Fire isn't reserved for main dishes, either. Genuine capsaicin addicts can also knock back Pecos Heat Chile Pepper Tequila and snack on XXX Hot Fire Nuggets, billed as the hottest pretzels in the world. They can even satisfy their sweet tooth with Hot Chocolate. Make no mistake--this isn't the steamy, marshmallow-filled comfort beverage Mom used to make when you came in from sledding. The chilehead version is chocolate candies filled with jalapeno jam.
Like many people with hobbies, chileheads are easy targets for gift-giving family and friends. "We just had our wedding reception a couple of weeks ago, and we had 200 guests," says Barckholtz. "And you could imagine what the primary gifts were: salsas, dried peppers, pepper oils. I could start a store now."

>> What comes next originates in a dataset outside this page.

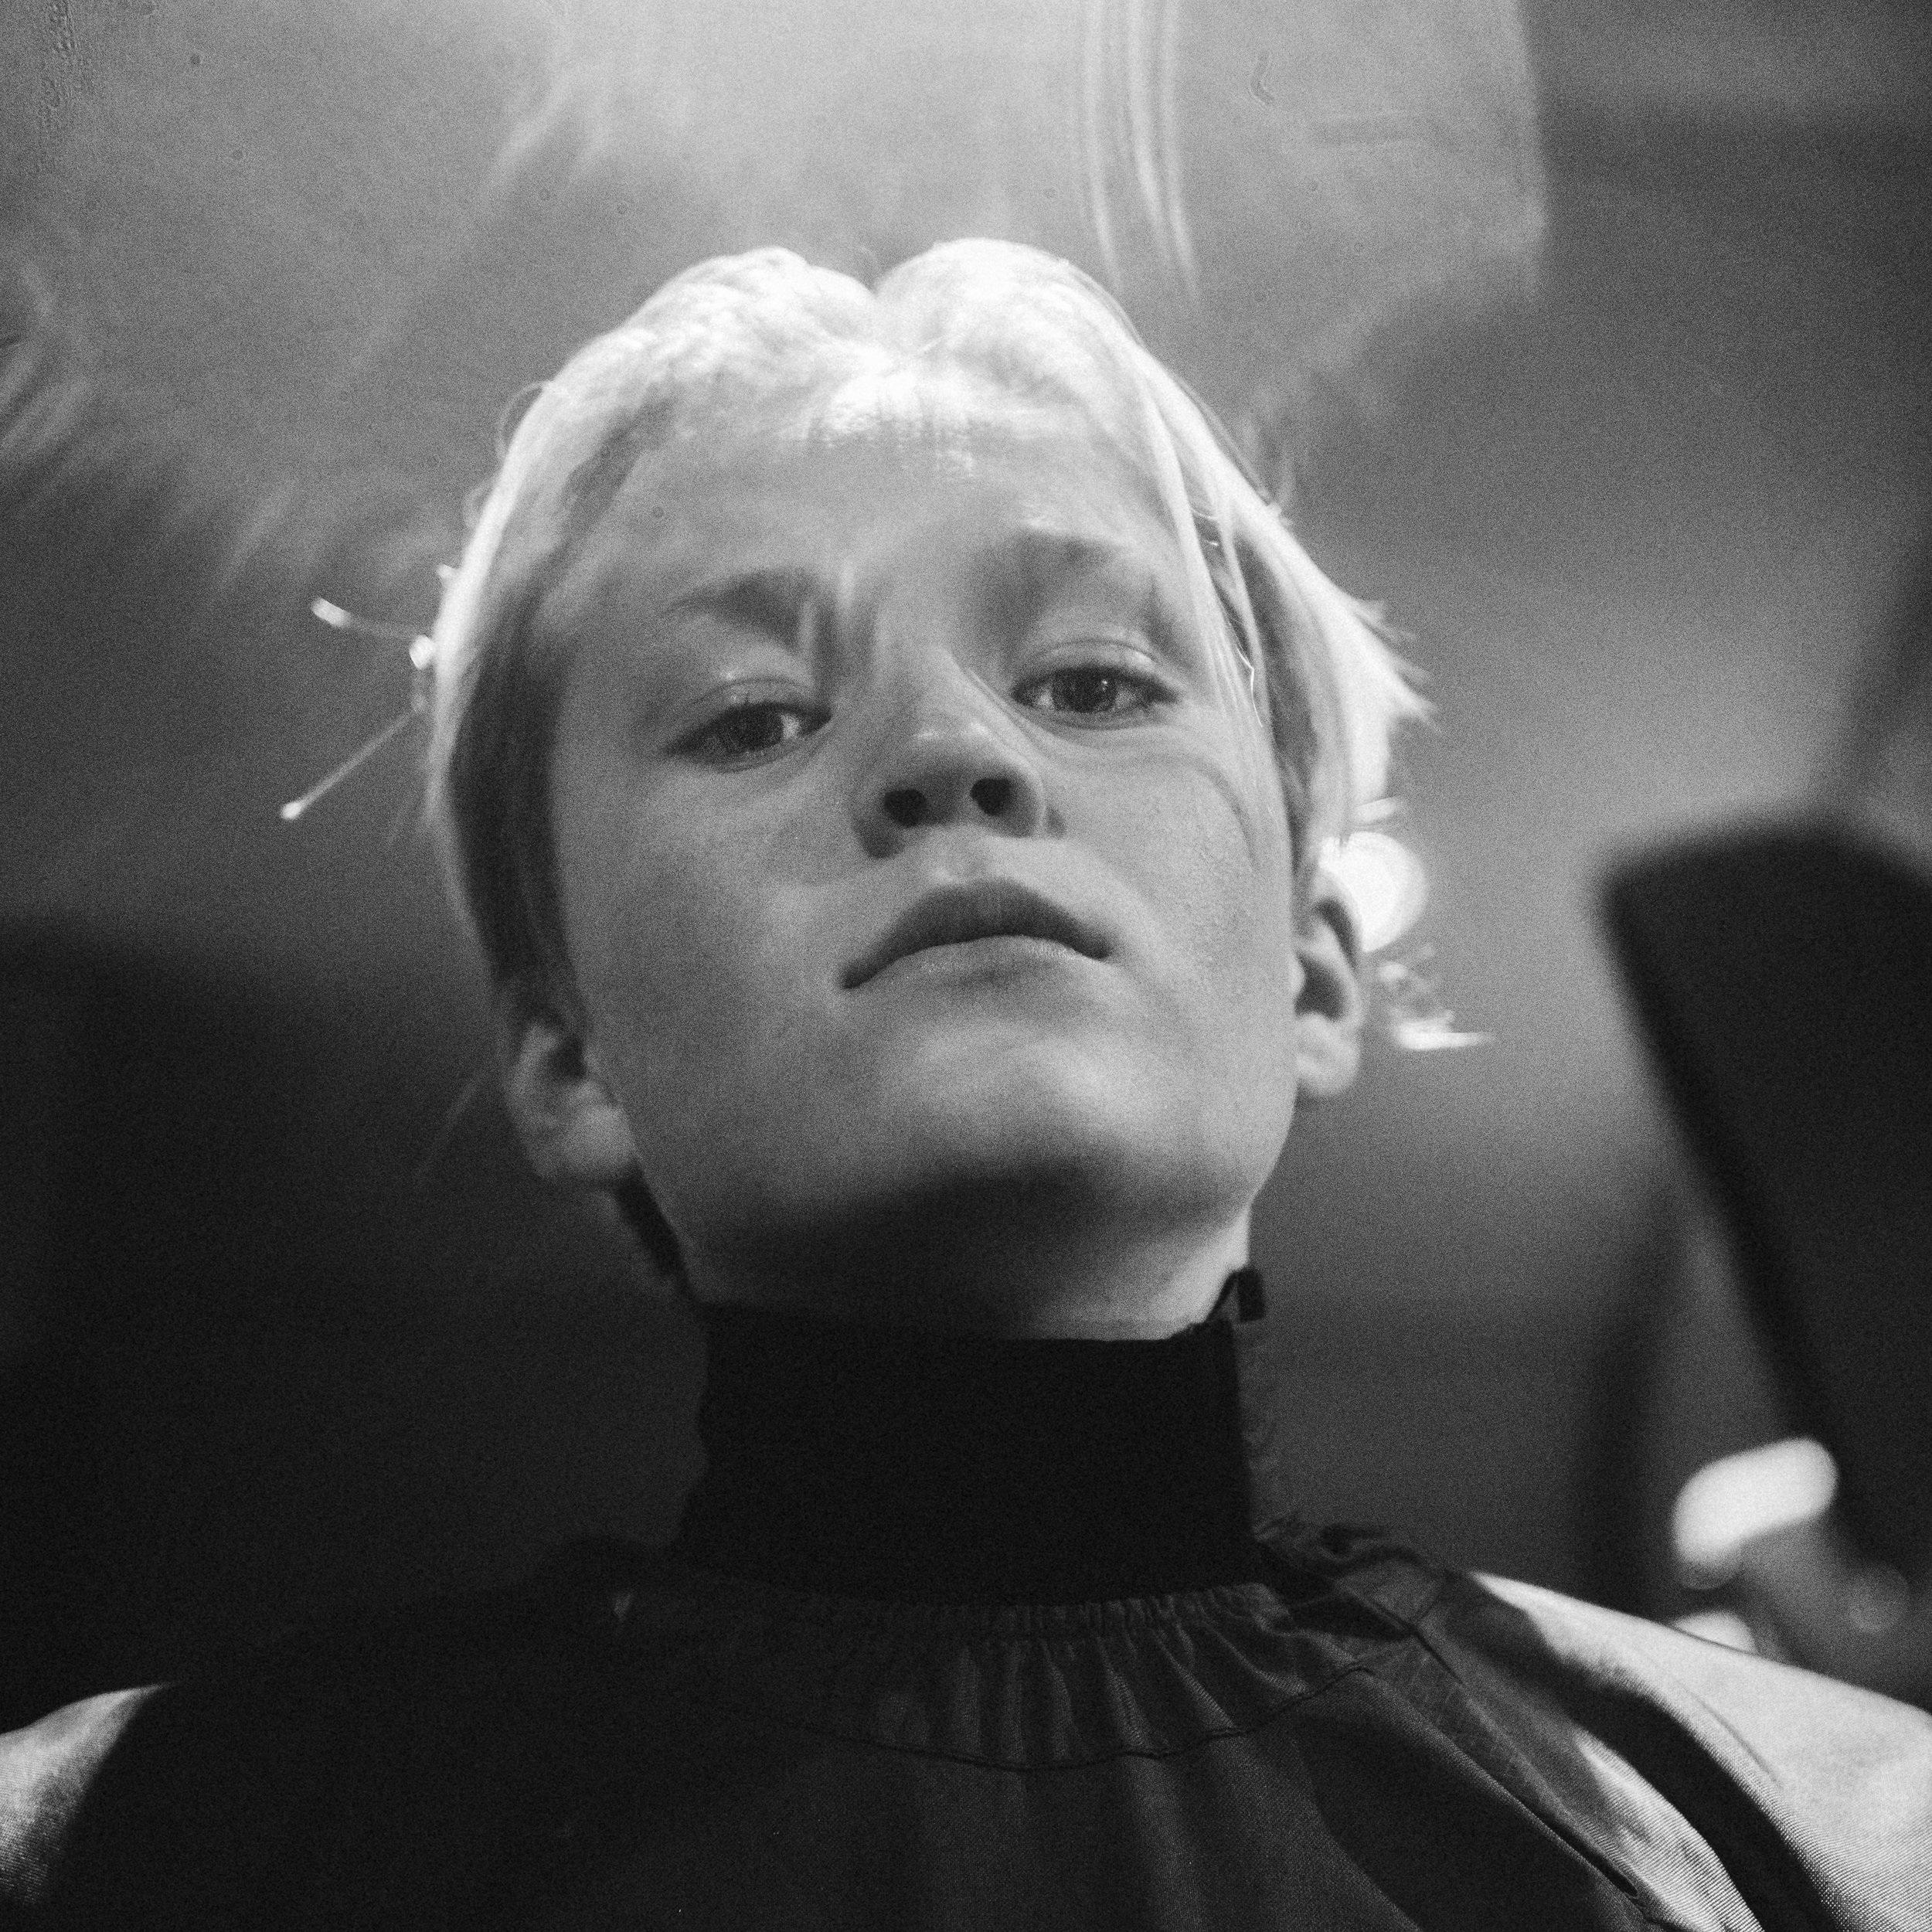 MACHOMAYNE - Machomayne er yngste medlem i FULL EFFEKT/NMG-gjengen, og Norges første barnerapper.. .siden Ståle Stil.Skjønt, barn og barn. Han er akkurat blitt tenåring, men har laget musikk siden han var åtte år, med sin pappa og storebror.Etter at låten «Fidget Spinner» tok av på nettet, var veien kort til Bergens-bølgens hovedkontor.Med sin ungdommelige energi, og en tilstedeværelse stort sett forbeholdt artister med et langt liv på scenen bak seg, har han sjarmert det bergenske konsertpublikummet i senk.Nå står Nordland for tur!

Hot-food boutiques aren't unheard of, but Barckholtz is beginning to generate a different kind of business from his obsession. On his wedding cruise, he met some chile-product manufacturers. One was so taken with a bottle-label design Barckholtz and his wife had created for a local Ad Club competition that the couple's "Road to Flame" graphic will appear on the manufacturer's new habanero sauce.
Hobbies are no fun alone, so it's fortunate that Shriner shares her husband's appreciation for fire. "We go to this Chinese restaurant that has levels zero through five," says Barckholtz, "and she's right up there at four or five now."